Although the basic LED drivers designed for general lighting applications are relatively simple, this design can become very complex when additional functions such as phase cut dimming and power factor correction are required. Non-dimming LED drivers without power factor correction typically include an off-line switching power supply that is tuned for constant current output. This is not much different from standard off-line switching power supplies and models that are common in AC-DC adapters. This design can use standard SMPS (switching power supply) circuit topologies such as buck, boost or flyback converters.
On December 3, 2009, the US Department of Energy (DOE) released the final version of the "Energy Star" specification for the integrated LED lamp project, stipulating that the power factor of LED drivers used in the United States must be better than 0.7, while industrial applications Expected to be better than 0.9. Many products in the market are still unable to meet such requirements, so the future needs to be replaced with more advanced products. There are two ways to implement power factor correction (PFC), each requiring additional circuitry at the front end of the power converter: a simple low-cost passive PFC, and a more complex active PFC.
Before delving deeper into these methods, one thing to emphasize is that in order to receive an ENERGY STAR rating, the LED driver must be dimmable.
In general, this means that the adjustability will be derived from the existing wall-type electronic dimmer based on the principle of phase-cutting. This principle was originally designed to design pure-impedance incandescent lamps. While other dimming methods, such as linear 0-10V dimming or DALI, may be desirable, they may all be limited to high-end industrial LED drivers.
So far, the application of phase-cut dimmers is quite extensive, and it is clear that LED lamps that can effectively dim will have great advantages. Since there are many low-cost dimmers based on triacs on the market, it is unrealistic to ensure that LED drivers are compatible with all categories. In particular, many dimmers use only basic designs and have very limited performance. For this reason, the ENERGY STAR program only requires LED driver manufacturers to specify in a web page which dimmers are compatible with their products.

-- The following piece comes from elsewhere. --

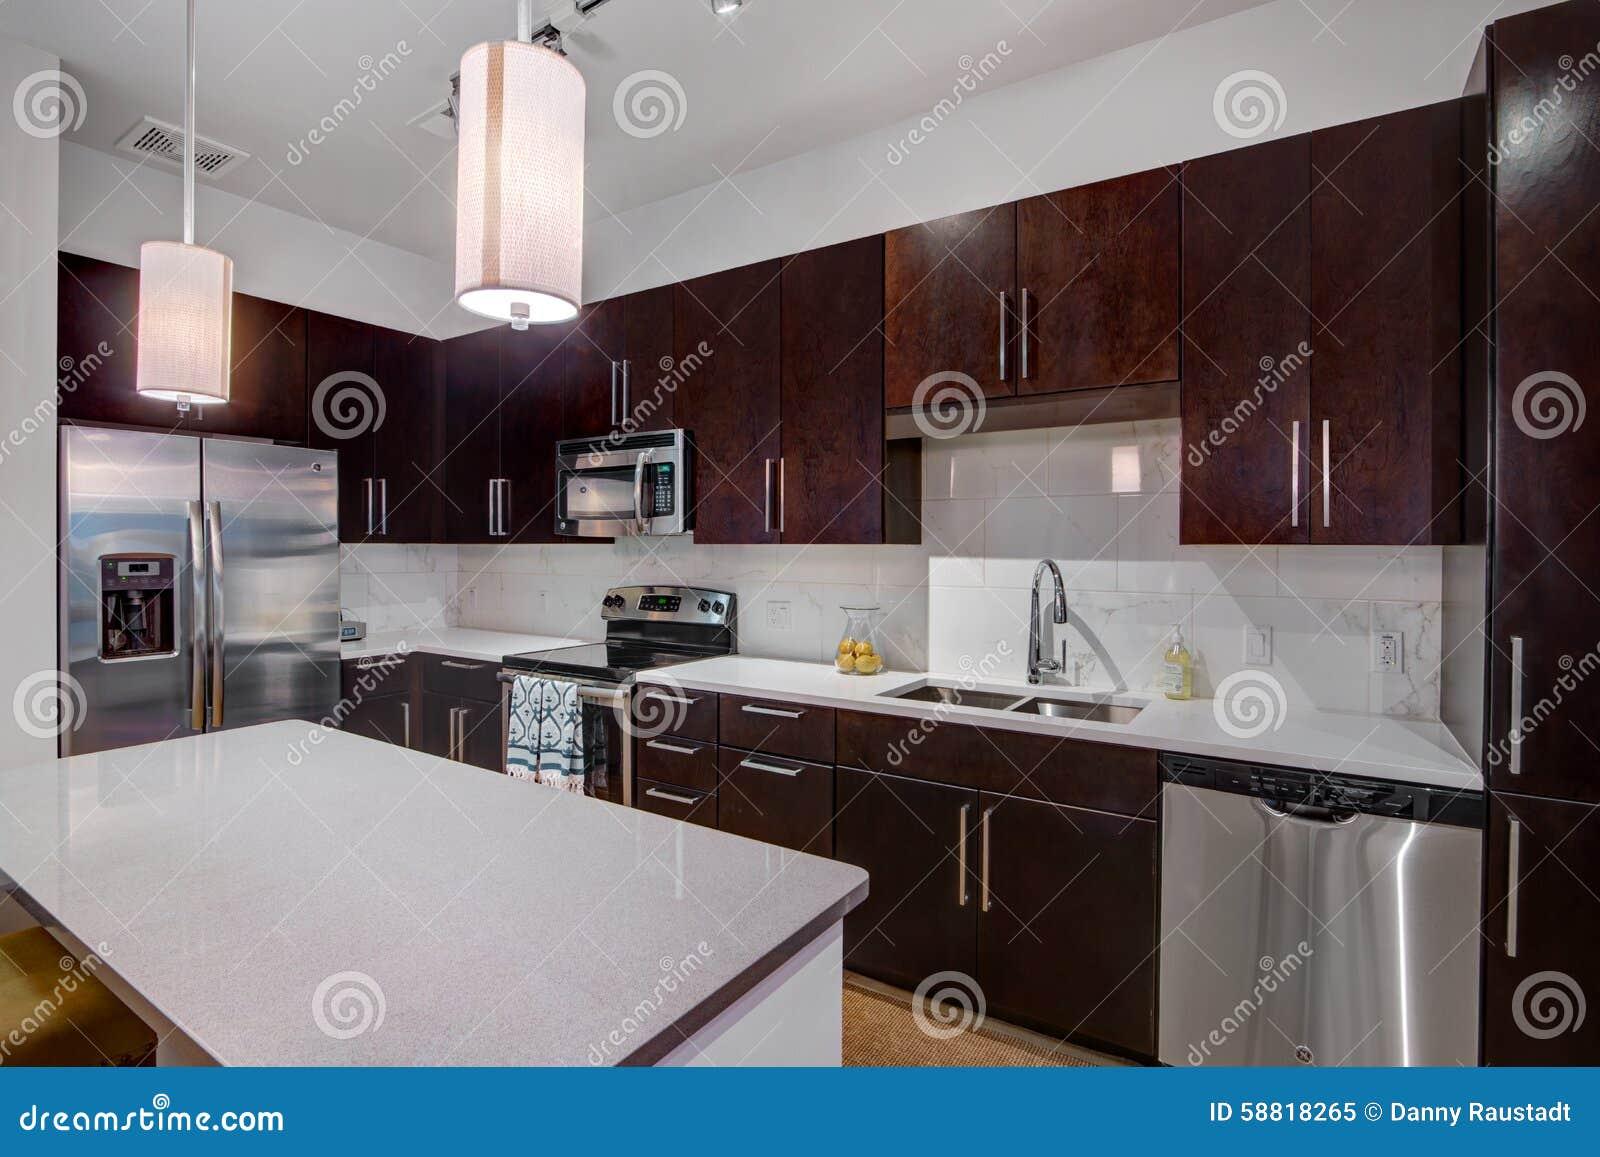 Modern apartment kitchen stock photo image 58818265 - Mur couleur framboise ...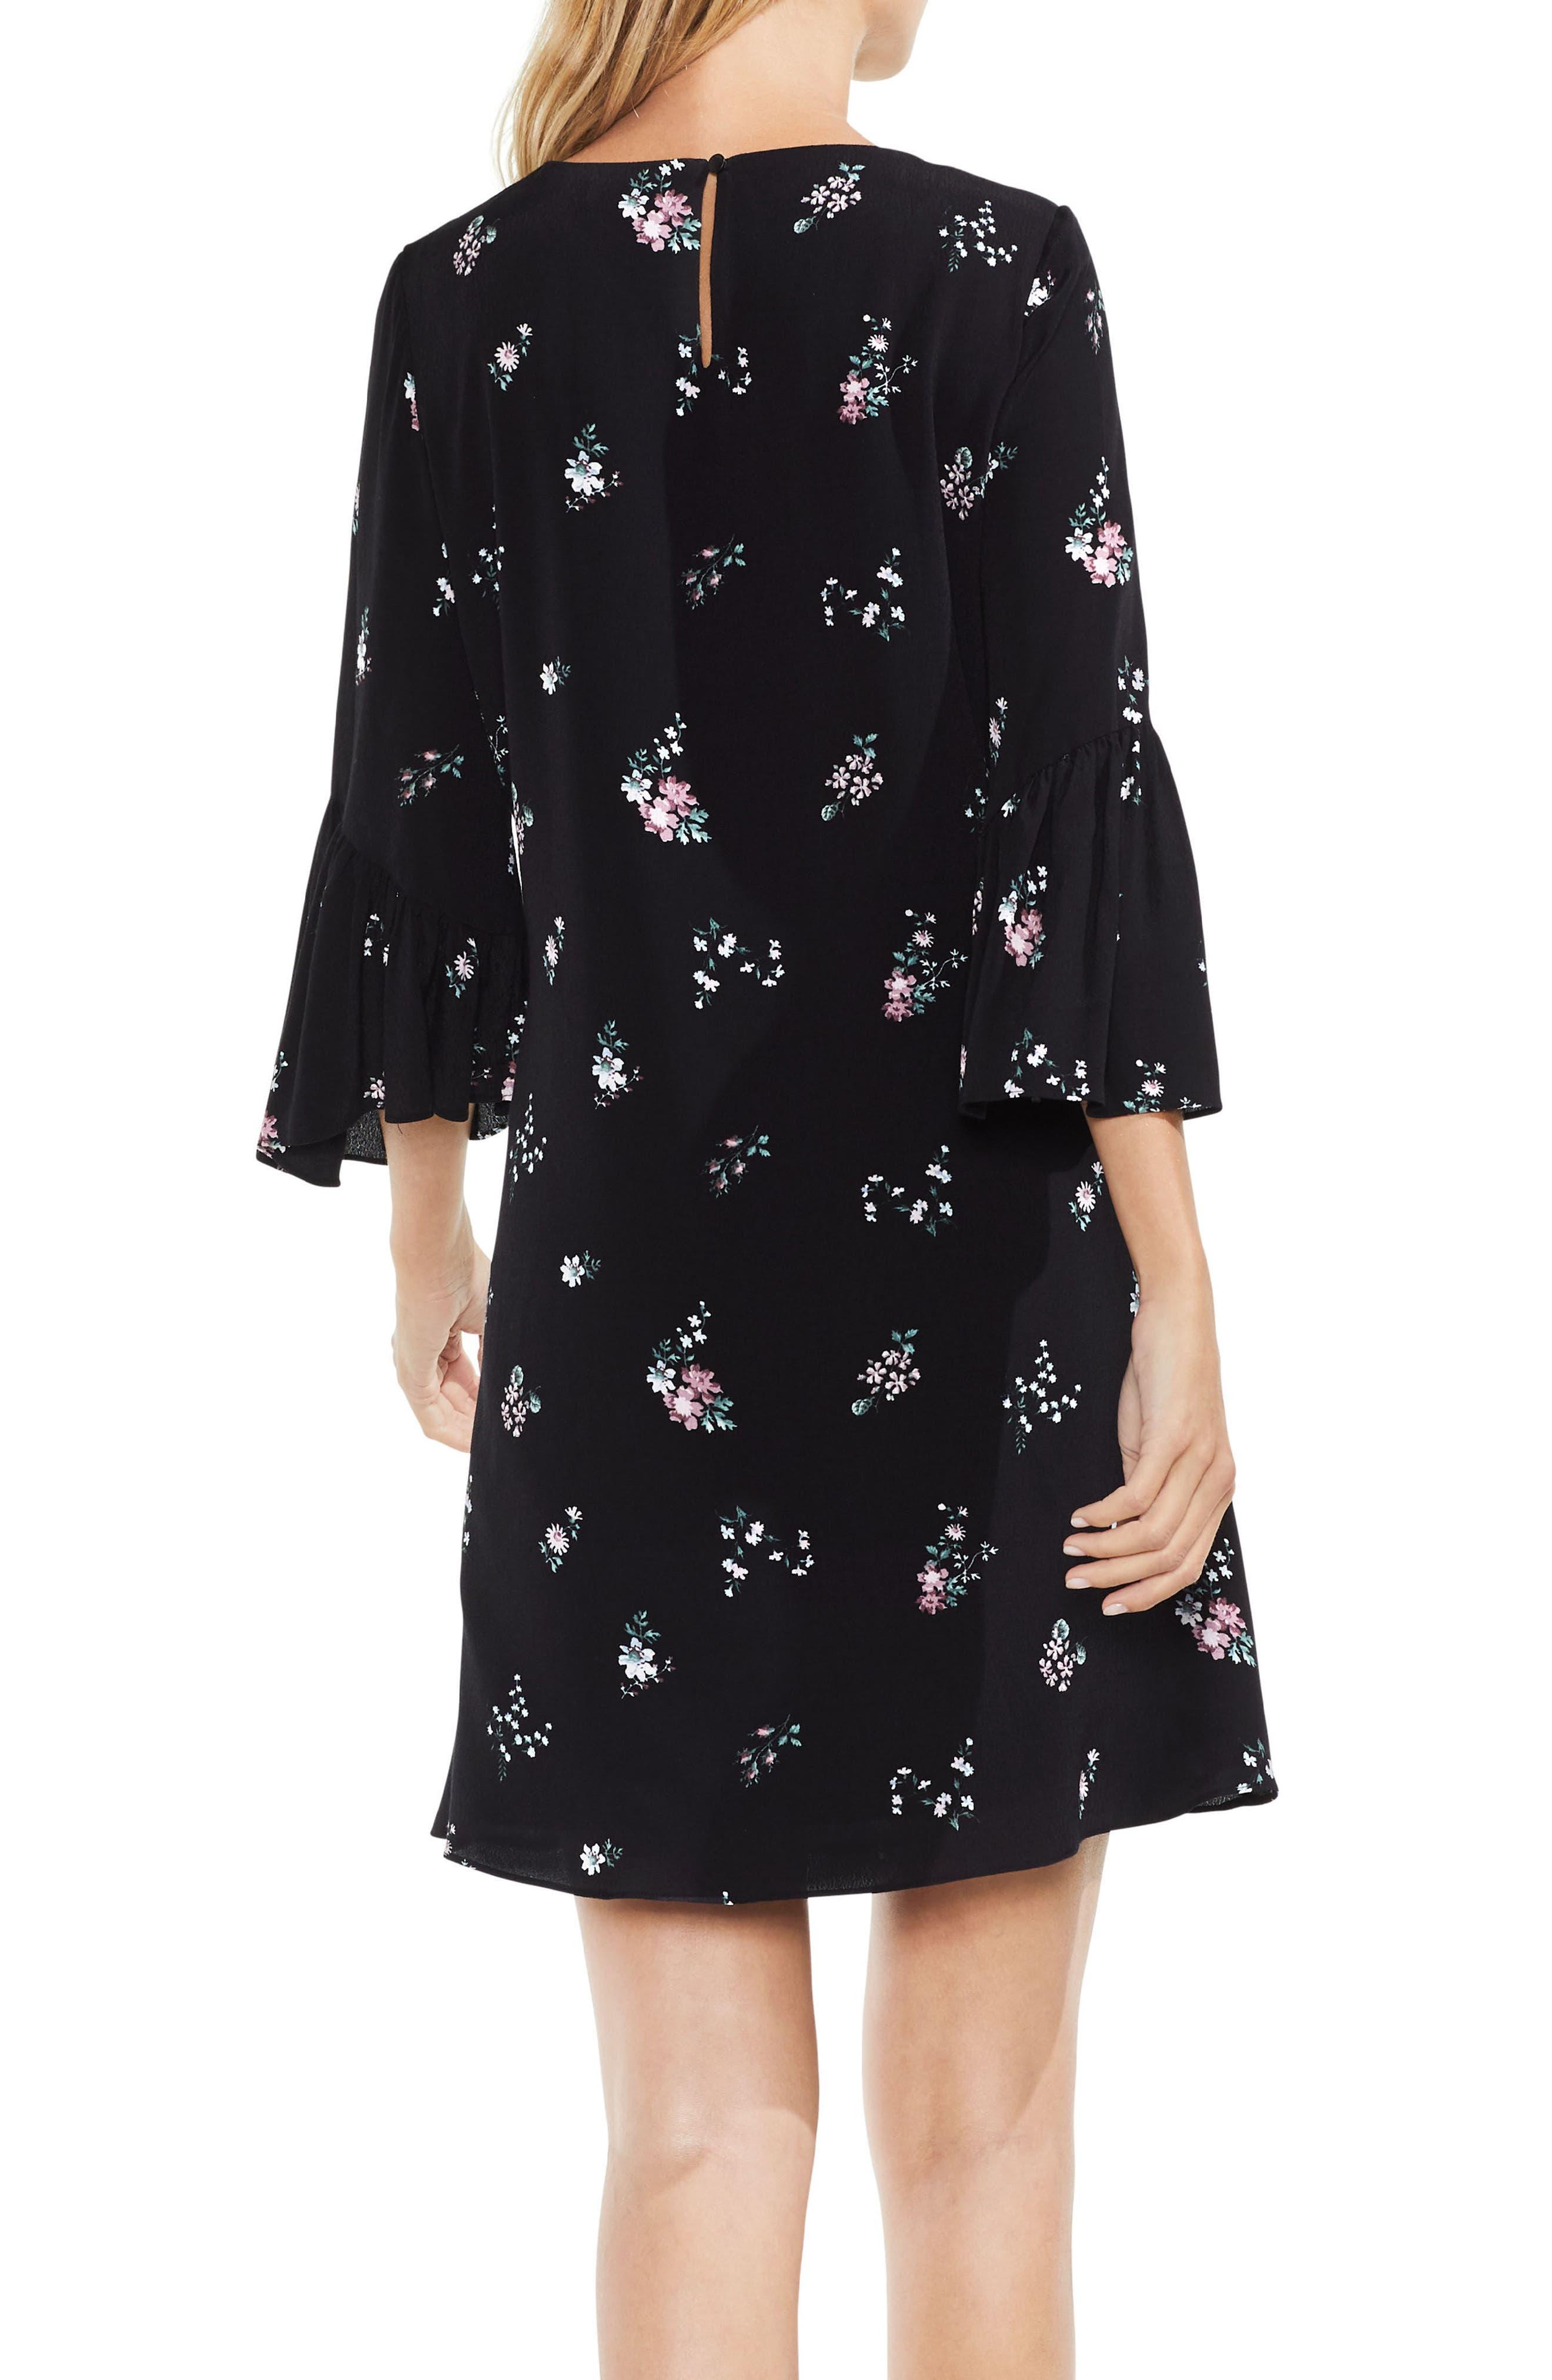 Ruffle Sleeve Floral Dress,                             Alternate thumbnail 2, color,                             Rich Black

Another requirement worth noting in the ENERGY STAR specification is that the LED's operating frequency must be greater than 150 Hz to eliminate the possibility of visible flicker. This means that the output current to the LED cannot be supplied with any large amount of ripple that is twice the linear frequency (50 Hz or 60 Hz).
In off-line applications such as office lighting, public buildings and neighborhood lighting, LED lighting is used in more and more applications and will continue to be in the next few years. In these applications, high-power LEDs will replace linear or high-power CFL fluorescent lamps, HID lamps, and incandescent lamps. These applications require an LED driver with a typical power range of 25W to 150W. In many cases, the LED load consists of a high-brightness white LED array, typically in a variety of chip packages. The DC current used to drive these loads is typically at least 1 amp. Actually there are also AC current driven LED systems, but DC systems are generally considered to provide better driving conditions for LEDs.
Galvanic isolation is required in LED lighting equipment to prevent the risk of electric shock where it can be accessed, which can occur in most cases unless an insulated mechanical system is used. This is because LED chips need to be connected to a metal heat sink unlike products such as fluorescent lighting devices that do not require insulation to achieve safety. In order to achieve good thermal conductivity, it is necessary to form a thermal barrier between the LED chip and the heat sink, so that it is not necessary to add an insulating material to meet the insulation requirement. Therefore, it is the best choice to form insulation inside the LED driver, and it also shows that the power converter topology is feasible.